From 1904-1921 Kaju-Apu was unoccupied, the work being carried on by N. Thiessen from Margoredjo. This period was the time of the revival among the Chinese in Kudus. It was continued when Fast returned in 1921 and established a subsidiary station in Karangrava. In 1928, in his fortieth year of service, Fast was compelled to leave for a cooler climate.
In June 1929 Hermann Schmitt took over Kaju-Apu, living in Kudus, since there were greater opportunities for work there. Kaju-Apu became a subsidiary with extensive autonomy. Gersom, who had faithfully assisted in the work for more than 40 years, retired in 1932. Most of the members were poor farmers. Since the voluntary contributions of the members and the small income from the rice fields bought by the missionaries at a former time were insufficient to cover the essential expenses, the congregation received aid from the mission treasury.
In 1933 the Kaju-Apu congregation had a membership of 70 adults and 84 children. Sunday services were attended on an average by 66 adults and the Sunday school by 68 children, and the catechetical instruction by 34 young people. Shortly after 1930 this congregation became to some extent independent. Excellent native teachers and preachers, like Tirtoadi, Radija Nitiardjo (until 1936), Wigeno Mororedjo (since 1936), had charge of the congregation, which became completely independent on 24 November 1940. World War II, the Japanese invasion (1942), and the political alterations in Indonesia put the congregation to a severe test, but it stood the test. In 1949 the membership numbered 65 baptized members and 146 children. In 1955 these figures were 76 and 107. The preacher of the congregation since 1941 (and elder in 1955) was W. Mororedjo.

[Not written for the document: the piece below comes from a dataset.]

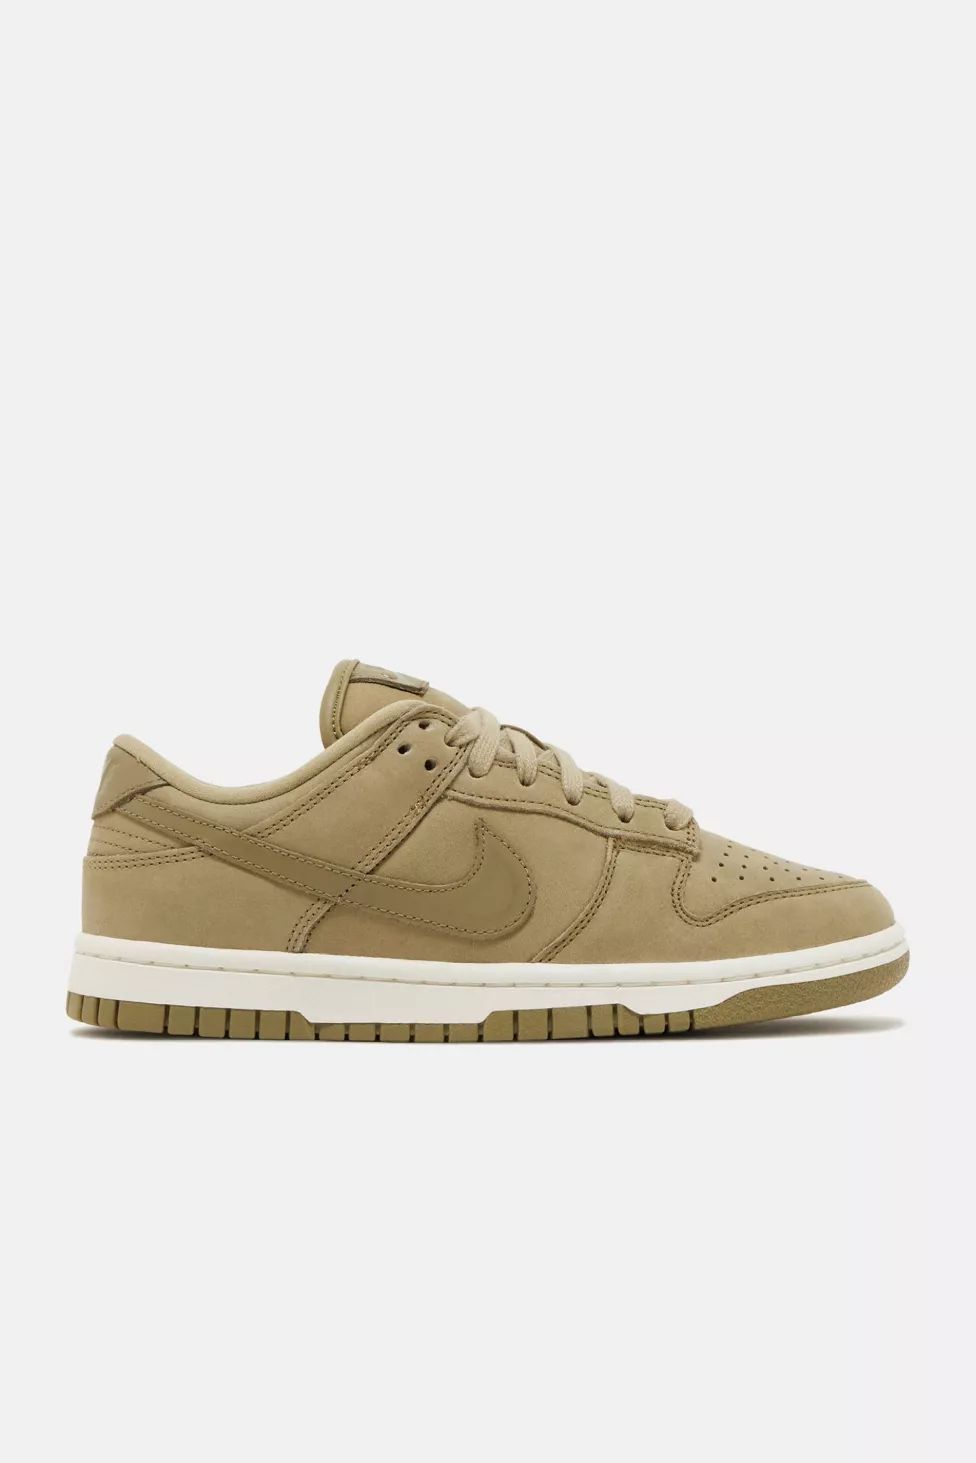 Nike Dunk Low Women's Premium 'Neutral Olive' Sneakers - DV7415-200 | Urban Outfitters (US and RoW)

Reports of the Dutch Mennonite Mission Association.
Hege, Christian and Christian Neff. Mennonitisches Lexikon. Frankfurt & Weierhof: Hege; Karlsruhe: Schneider, 1913-1967: v. II, 450 f.
|Nanne van der Zijpp|
Cite This Article
Schmidt, Hermann and Nanne van der Zijpp. "Kaju-Apu Mennonite Mission (Kudus, Central Java, Indonesia)." Global Anabaptist Mennonite Encyclopedia Online. 1957. Web. 26 Apr 2018. http://gameo.org/index.php?title=Kaju-Apu_Mennonite_Mission_(Kudus,_Central_Java,_Indonesia)&oldid=92203.
Schmidt, Hermann and Nanne van der Zijpp. (1957). Kaju-Apu Mennonite Mission (Kudus, Central Java, Indonesia). Global Anabaptist Mennonite Encyclopedia Online. Retrieved 26 April 2018, from http://gameo.org/index.php?title=Kaju-Apu_Mennonite_Mission_(Kudus,_Central_Java,_Indonesia)&oldid=92203.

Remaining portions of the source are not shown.